Coleus – The Florence Meyer Poppy in the DMA’s Cindy and Howard Rachofsky Quadrant Gallery

Even before receiving the Meyers’ commission, Steichen had been painting and photographing women and flowers; however, his depiction of the subject matter and use of gold leaf in In Exaltation of Flowers alludes to influences from French couture designer Paul Poiret and Art Nouveau painters Gustav Klimt, Alphonse Mucha, Pierre Bonnard, and Maurice Denis.

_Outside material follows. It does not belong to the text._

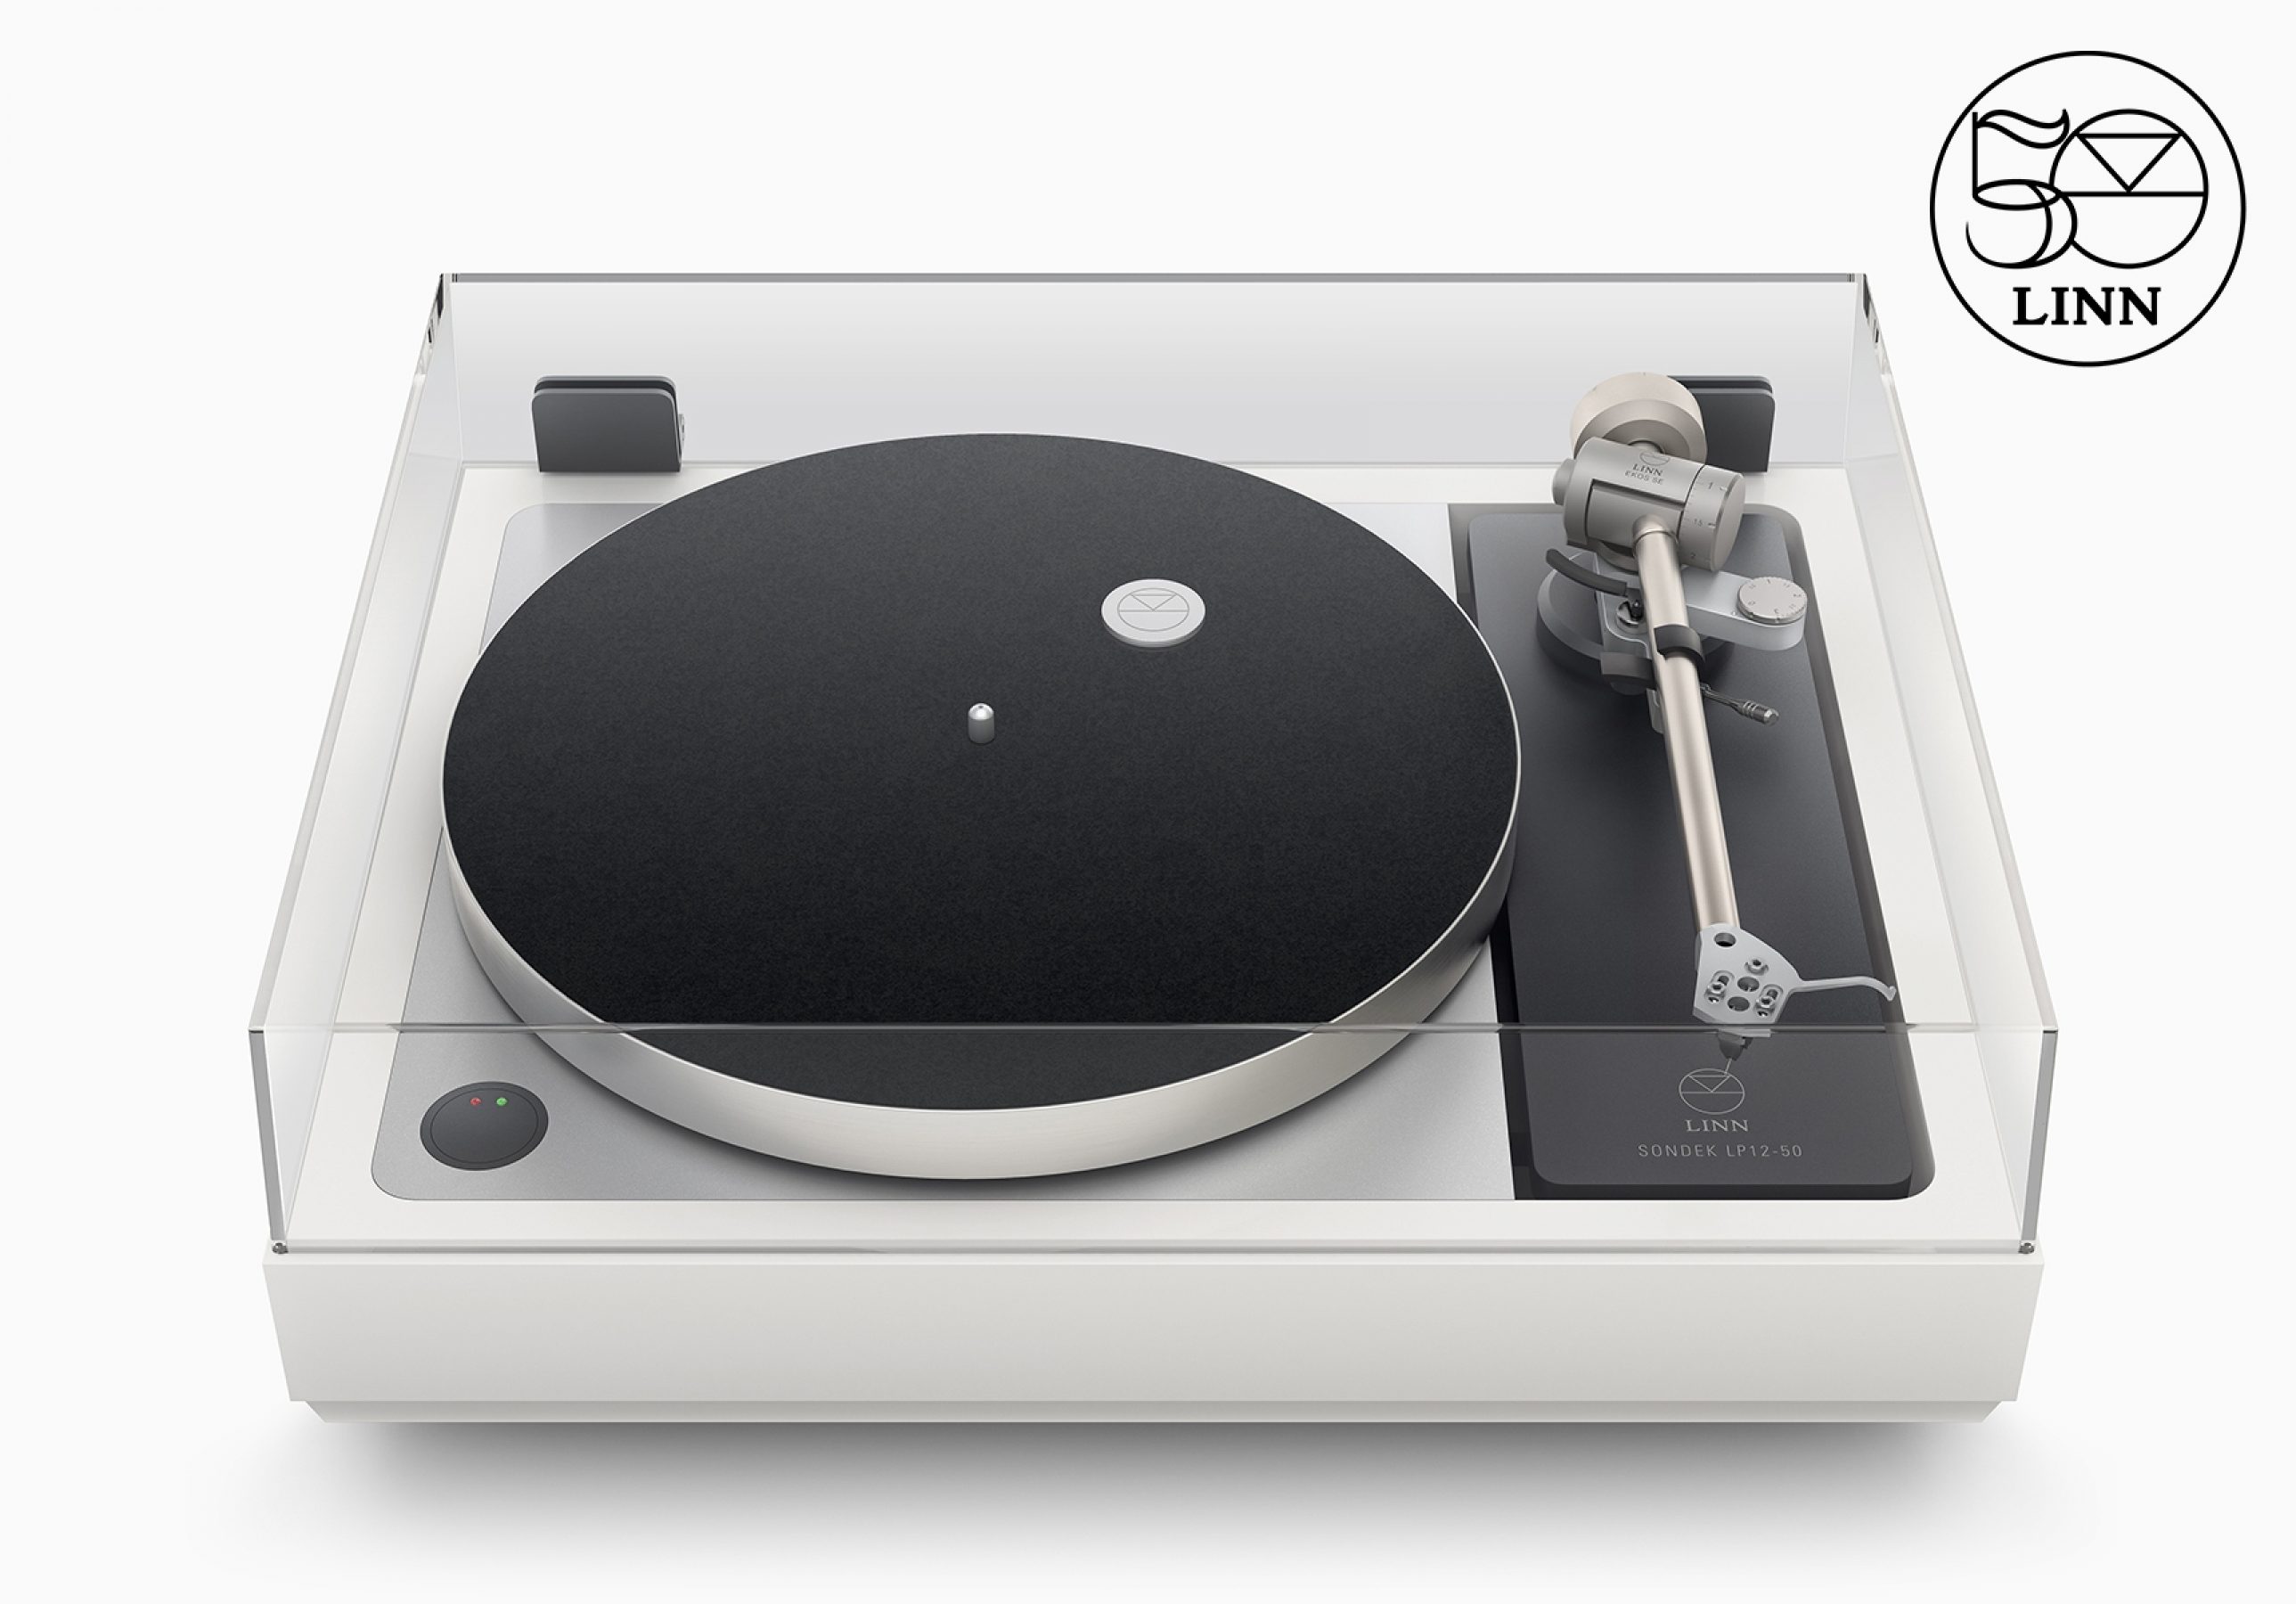 If Apple Designed a Turntable, This Is Probably What It Would Look Like

All seven murals in In Exaltation of Flowers were completed by 1914. Even though they had originally been commissioned for the townhouse on 71st Street and Park Avenue, the paintings were never displayed in that building. Due to financial hardship, the Meyers had to sell their townhouse earlier in 1914, and Steichen’s intended sequence for the murals remains unknown today. The order listed above is based on a 1915 checklist from their presentation at the Knoedler Galleries in New York. Two of the murals were later displayed at the Pennsylvania Academy in 1921 and 1996, and at least one mural was displayed at the Board of Governors of the Federal Reserve System in 1988. The DMA’s presentation this fall of the murals, which are part of a private collection, will mark the first time the seven panels have been exhibited together since their debut at the Knoedler Galleries 102 years ago.

Rose – Geranium in the DMA’s Cindy and Howard Rachofsky Quadrant Gallery

References
Murphy, Jessica. Portraiture and Feminine Identity in the Stieglitz Circle: Agnes Ernst Meyer, Katharine Rhoades, and Marion Beckett. Dissertation. University of Delaware, 2009.
Goley, Mary Anne and Barbara Ann Boese Wolanin. From Tonalism to Modernism: The Paintings of Eduard J. Steichen, October 4–December 9, 1988.  Washington, DC: Board of Governors of the Federal Reserve System, 1988.
Haskell, Barbara. Edward Steichen. New York: Whitney Museum of American Art, 2000.
Pusey, Merlo J.  Eugene Meyer.  New York: Alfred A. Knopf, 1974.

Keara Teeter is a Conservation Intern at the DMA.